Испуганный взгляд девушки падает на Радивоя.
– Хочешь ли выйти за него? – спрашивает Раде снова.
– Хочу! – подтверждает сестра и придвигается ближе к Радивою.
– Правильно! – закричали друзья Радивоя, мигом взвели курки пистолетов – и треск выстрелов разнесся по городу… А толпа с женихом и невестой двинулась через площадь.
Раде сидит на камне и поглядывает, чтобы скот не забрался в лесной заповедник. Вот как нынче повелось, а бывало, скотина паслась без хозяина.

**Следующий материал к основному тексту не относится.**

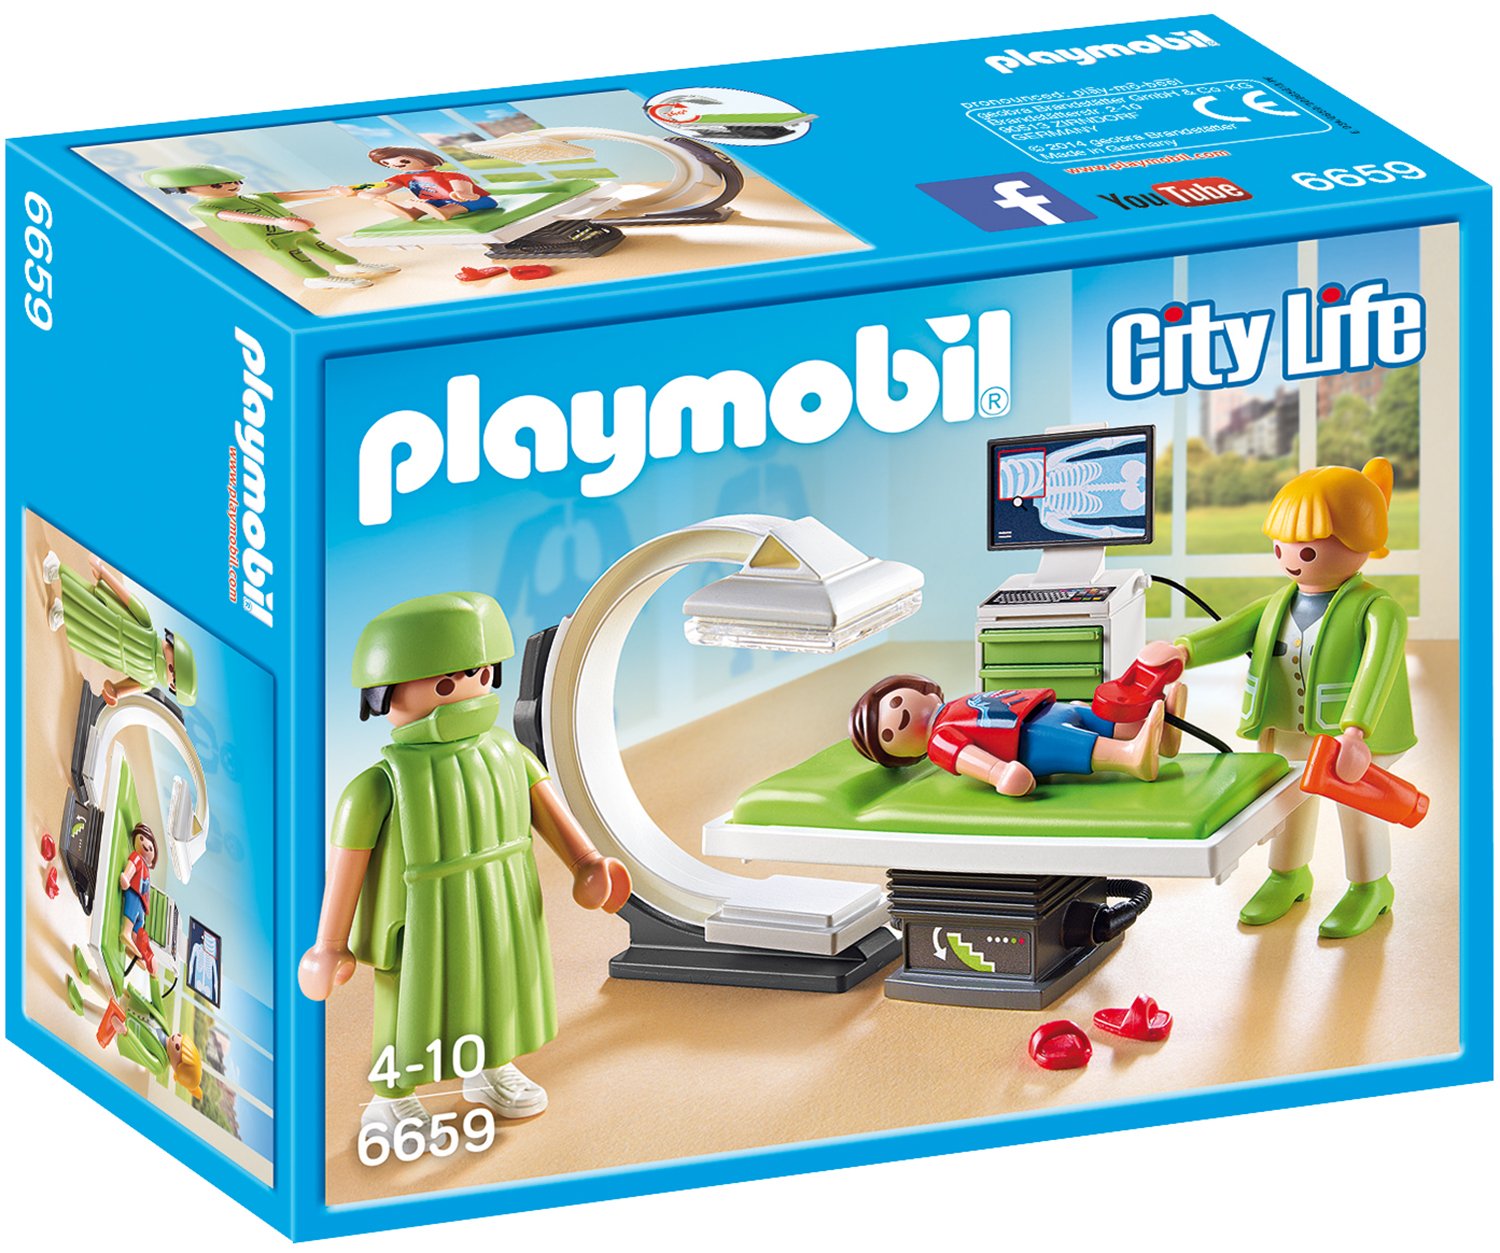 Playmobil X Ray Room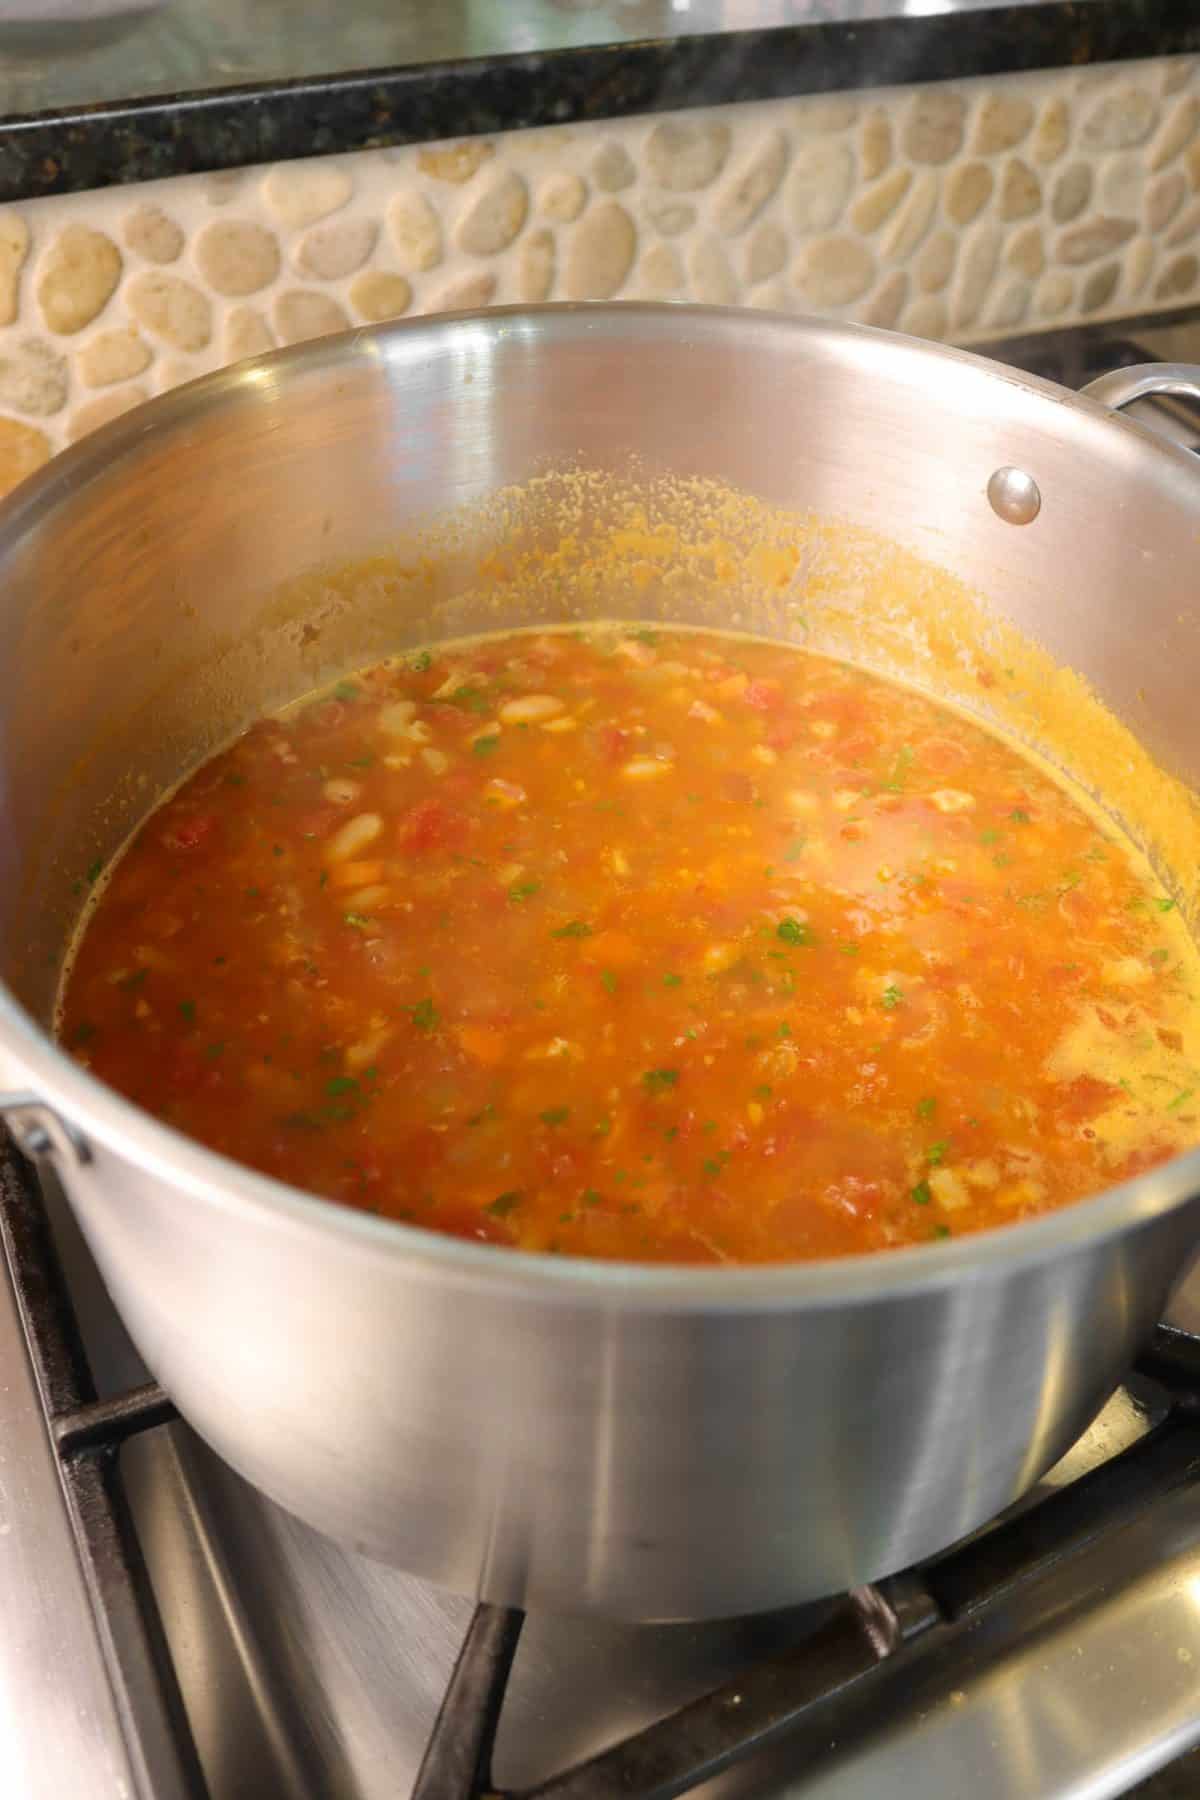 basil mixed into soup

Заставили власти соблюдать порядок, ничего не поделаешь – разорили разбойничьи штрафы лесничества; отец говорит, будто за один только год уплатил более пятидесяти талеров то за нарушения, то за причиненный якобы ущерб, а штраф назначают сколько в голову взбредет, и как это делается, никто в селе в толк не возьмет.
Поздно уже, пора гнать скотину с пастбища, хотя солнце еще замешкалось на отливающей медью листве Радиного леса. Время от времени сильные порывы северного ветра качают ветки и доносят с горы удары топора.
Раде, вспомнив о чем-то, встал с камня, направился к хлеву, взял недоделанное топорище и с таким увлечением принялся строгать его, что не заметил Машу, пока она не подошла к нему вплотную. Раде удивился – давненько они уже не видались. Сгибаясь под тяжестью мешка, она проговорила, посмеиваясь:
– Ходила на мельницу и заглянула к твоей жене – мы же давно с ней знакомы… Угадай-ка, – продолжала она, – зачем я к вам заходила?
– Зашла, и все…
– Угадай!
– Откуда мне знать ваши женские дела…
– Услыхала детский плач, – сказала Маша, растягивая слова, – и не могла совладать с собой, не поглядеть на него… Настоящий сокол! Завернула к тебе по дороге сказать об этом…
– Почему бы не быть ему соколом от такого отца! – улыбнувшись, промолвил Раде и встал, отложив в сторону топорище. – В будущем году будет другой, ей-богу, будет!
– А у меня никаких признаков! – с явным огорчением сказала Маша. – А после тех летних дней в горах… знаешь… ждала…
– Я тут ни при чем, – игриво перебил ее Раде. – Чего не было, могло бы случиться… Ну-ка, скинь торбу, отдохни!
Маша послушалась и, прислонившись к хлеву, стала рассказывать об отце Вране.
– Не дает проходу, а я его всякий раз надуваю… Вчера ждал на условленном месте, за церковной оградой… Ждет он там… а я, прикрыв дверь, подглядываю в щелку… Ха, ха! Но слушай, Раде, – перевела она разговор на другое, – стыдно только сказать…
– Почему? Говори!
– По дороге думала об отце Вране: может быть, он… – и оборвала на полуслове.
– Что?
– Был бы для меня подходящей. Все бы сделала, только бы стать матерью!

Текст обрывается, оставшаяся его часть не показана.